During the week of May 9th through to the 15th, a group of scholars and regular folks will be assembling in Whitehorse and Dawson to consider just what the impact of that decision was. The event, called the North and the First World War Conference, has been planned by a volunteer board under the umbrella of the Yukon Historical and Museums Association.

In Coates’ opinion the Yukon’s effort in World War I didn’t really work out well. The Yukon sent a disproportionately high number of young men off to fight in the battlefields for Europe and, either by death in battle or by opportunities elsewhere in Canada after the war, most of them didn’t come back.

Combine that with the loss of some of the territory’s elite when the Princess Sophia sank just a month before the end of the war and Coates says it was not really until the next global conflict, and the building of the Alaska Highway in the 1940s, that the territory really began to recover.

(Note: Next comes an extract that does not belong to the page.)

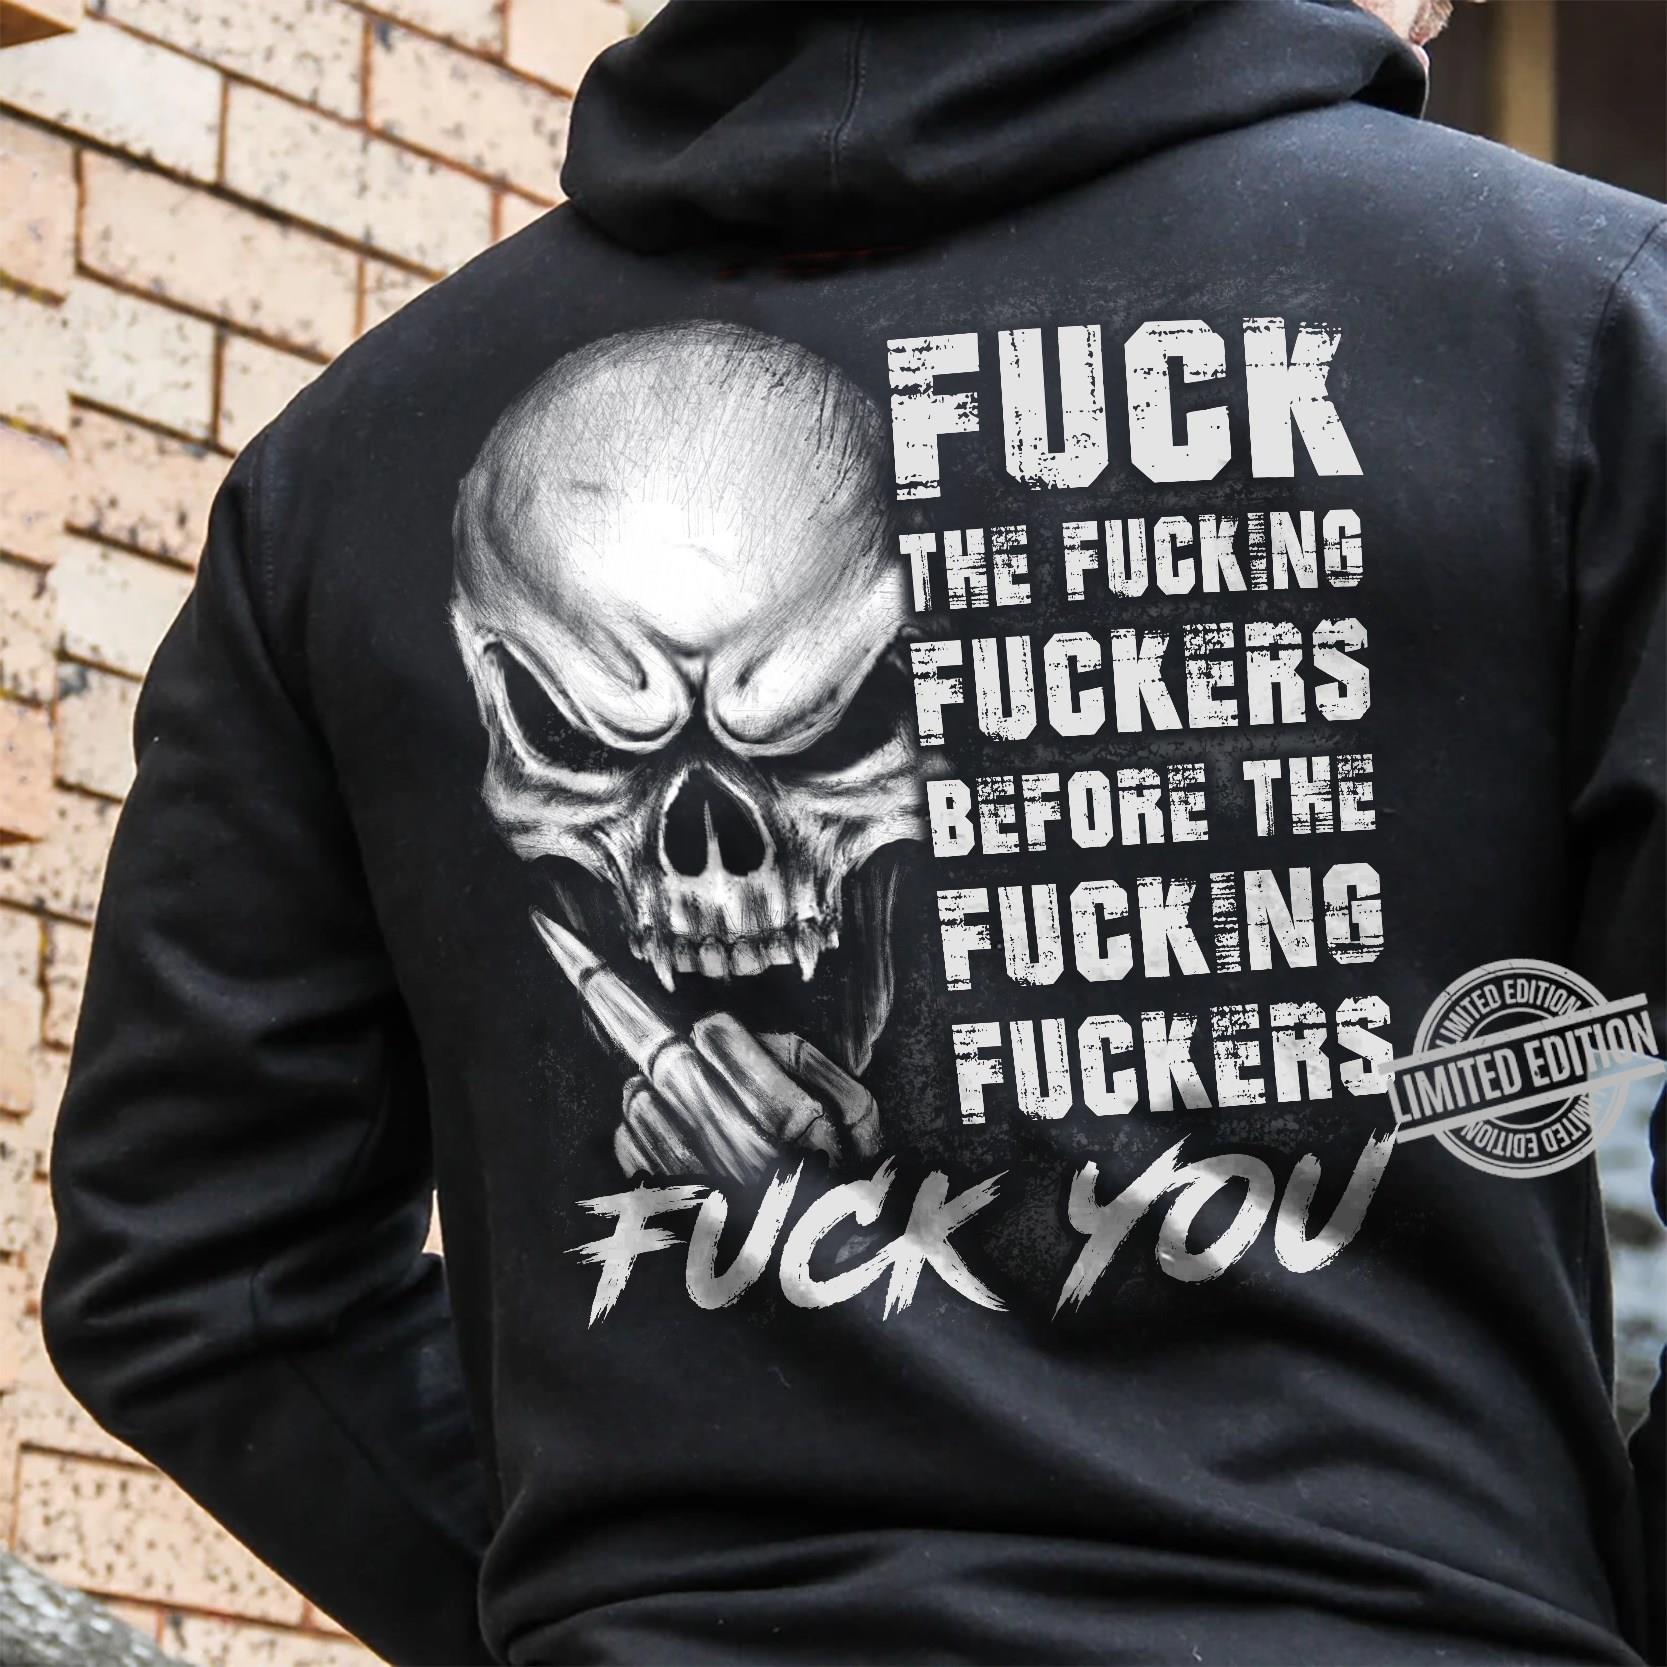 The Fuck The Fucking Fuckers Before The Fucking Fuckers Fuck You Shirt

The first four days of the conference, beginning at the Yukon Transportation Museum and shifting to the Coast High Country Inn, will include a day long workshop and a series of lectures on the following days by people such as Coates, Dr. Tim Cook of the Canadian War Museum, Michael Gates, Max Fraser, Kathy Gates, Dr. Terrance Cole, David Neufeld, Mark Zuehlke and various others from Canada and abroad, including New Zealand.

Coates says there was surprising enthusiasm for this project and this topic once the planning, which began nearly two years ago, got under way.

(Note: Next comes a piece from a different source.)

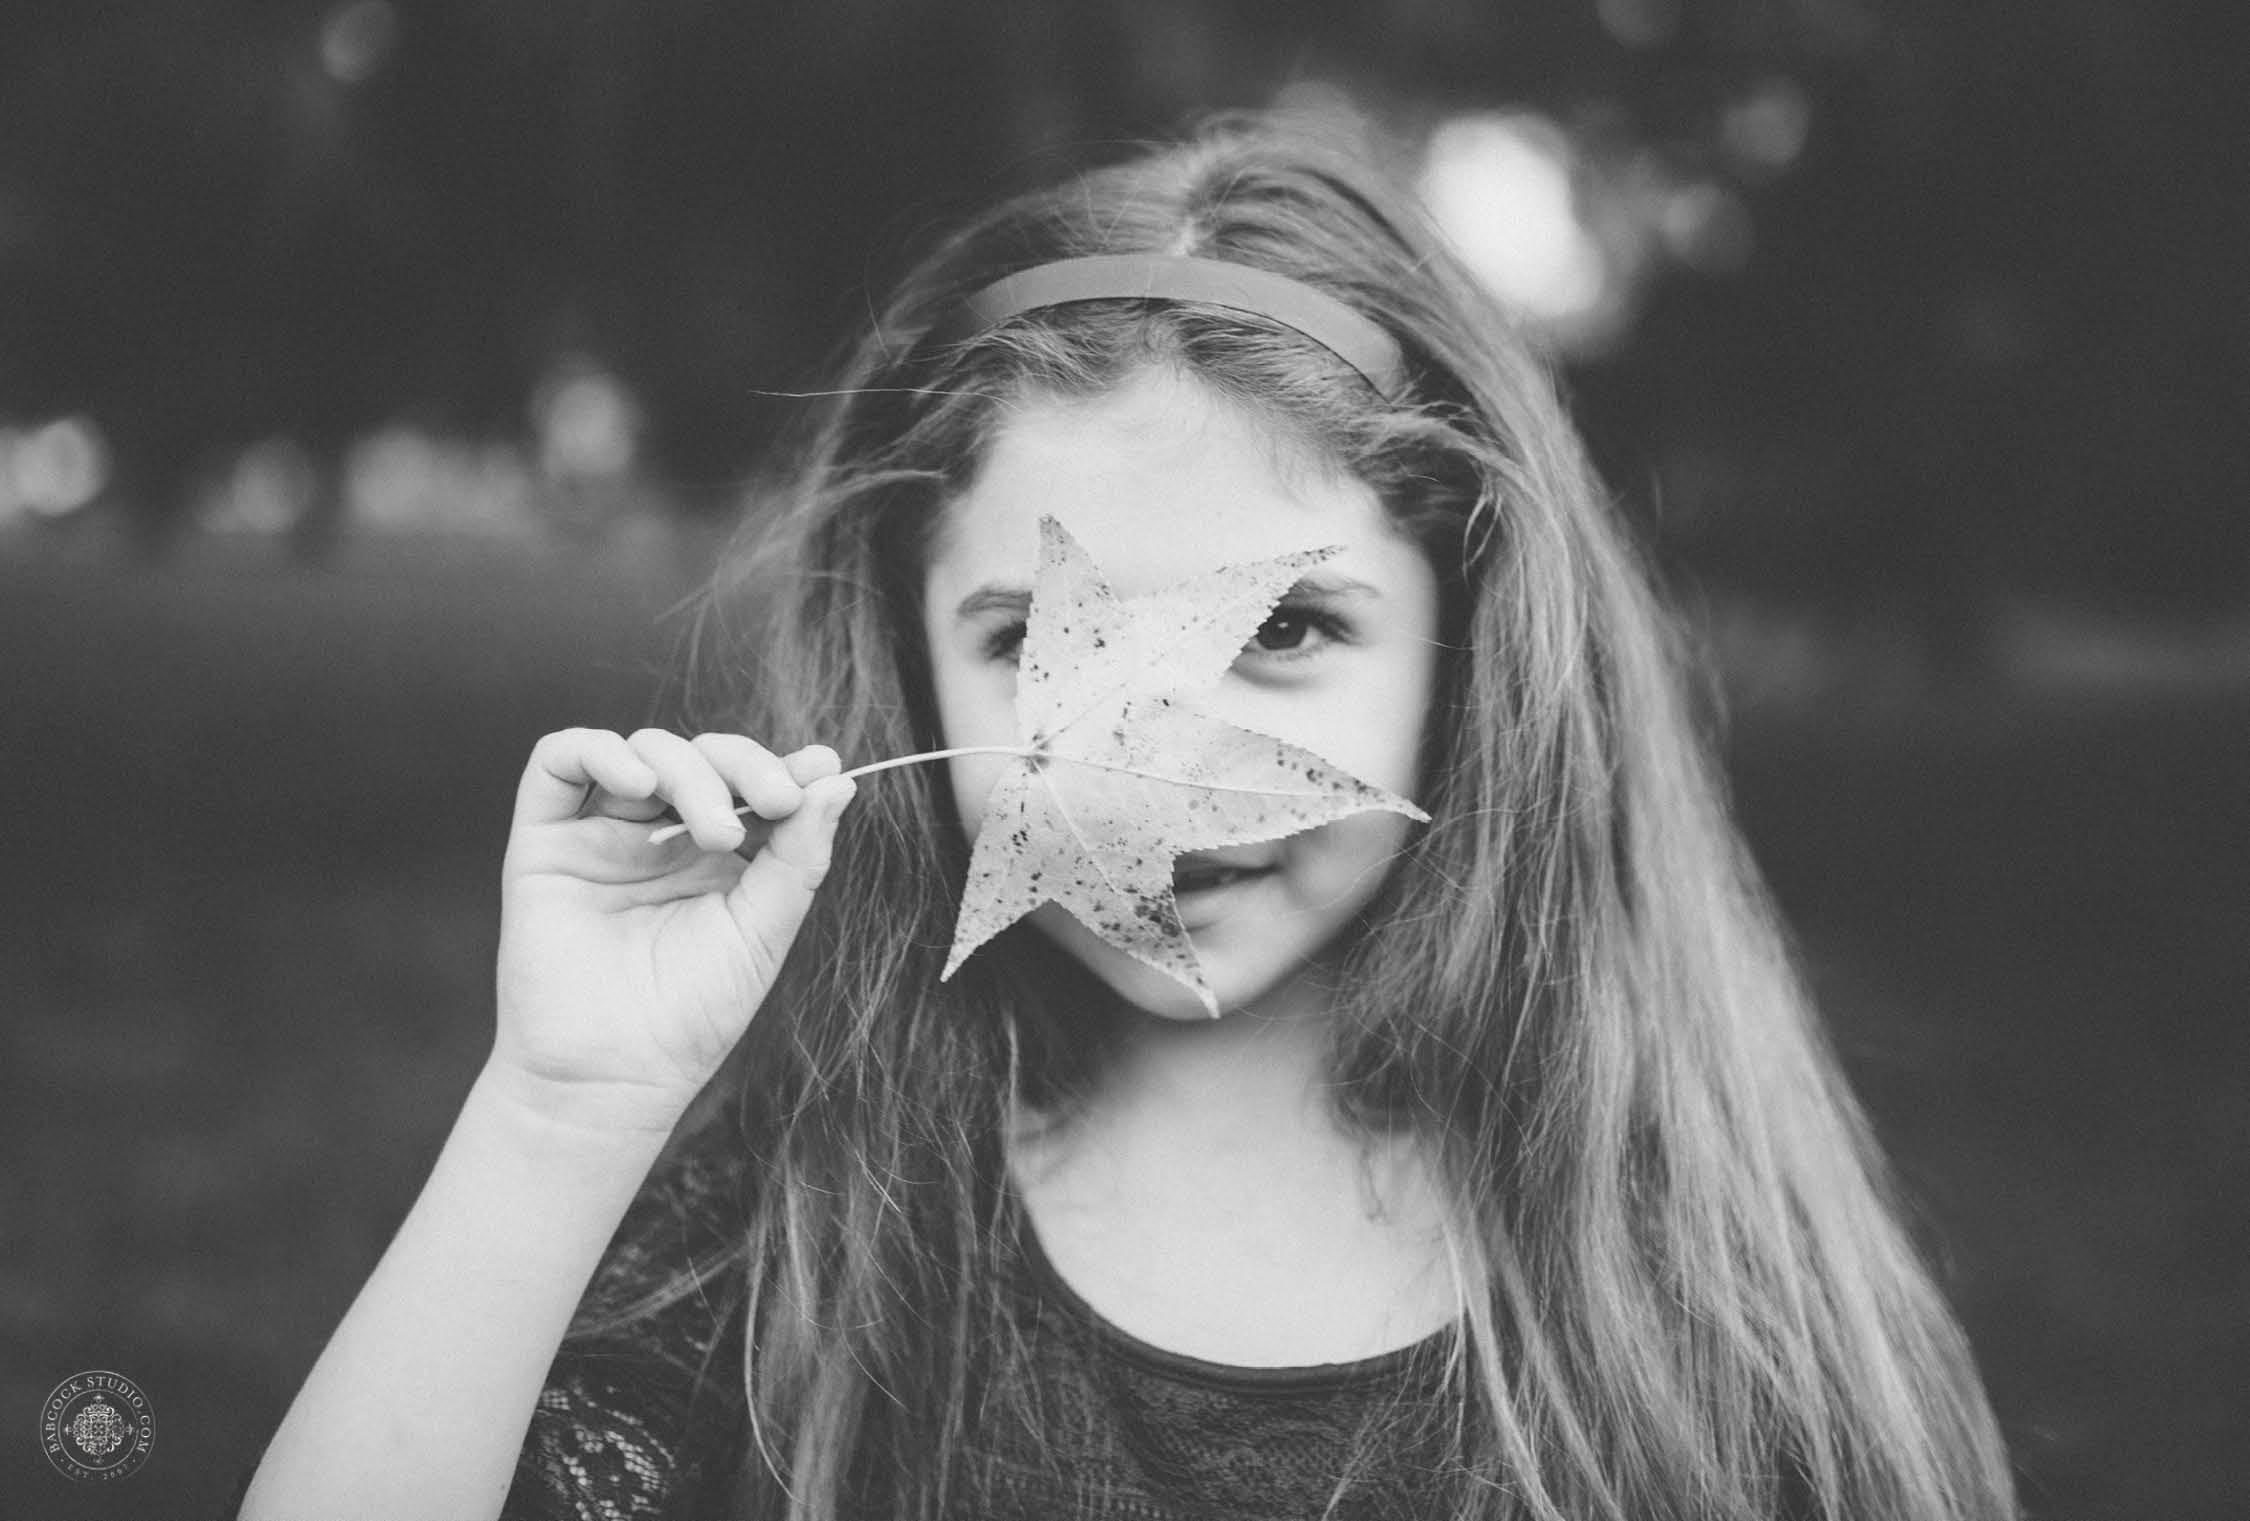 vance-family-children-photographer-dayton-ohio-16.jpg

This is good, because he notes there is a tendency for the knowledge of these types of events to fade away over time and it’s vital that we continue to be aware of how history has shaped us.

“We look at Land Claims and contemporary resource development and a bunch of things like that that seem to have shaped the Yukon. But we have to look back and remember these events, these transformative processes,” Coates says.

“We have to understand the long isolation of the Yukon from the country as a whole. We have to understand the phenomenal ability of the Yukon to mobilize for its own purposes and the purposes of the country… in order to make a concerted contribution to Canada as a whole.”

To him it’s another example, to use that controversial phrase, of the Yukon “punching above its weight,” which it has done all through its history.

“Yukon has contributed more politically and more economically than its small population would actually suggest.”

Following events in Whitehorse, a still to be finalized number of delegates and scholars will be boarding a bus to drive to the original capital of the Yukon, Dawson City, the place from which Klondike Joe Boyle and Commissioner George Black both raised enlisted men to go fight in Europe.

But before that trip, some of Boyle’s story will be celebrated in Whitehorse in a Follies-style theatre production called “Dawson to Berlin: A Romanian Love Story,” on the Thursday evening.

In the Klondike, tours of the Bear Creek Compound and Dredge No. 4 will flesh out that story, as will a lecture by Mike Gates at the Museum and an IODE Tea at the Commissioner’s Residence.

It is shaping up to be an exciting, and possibly exhausting, week.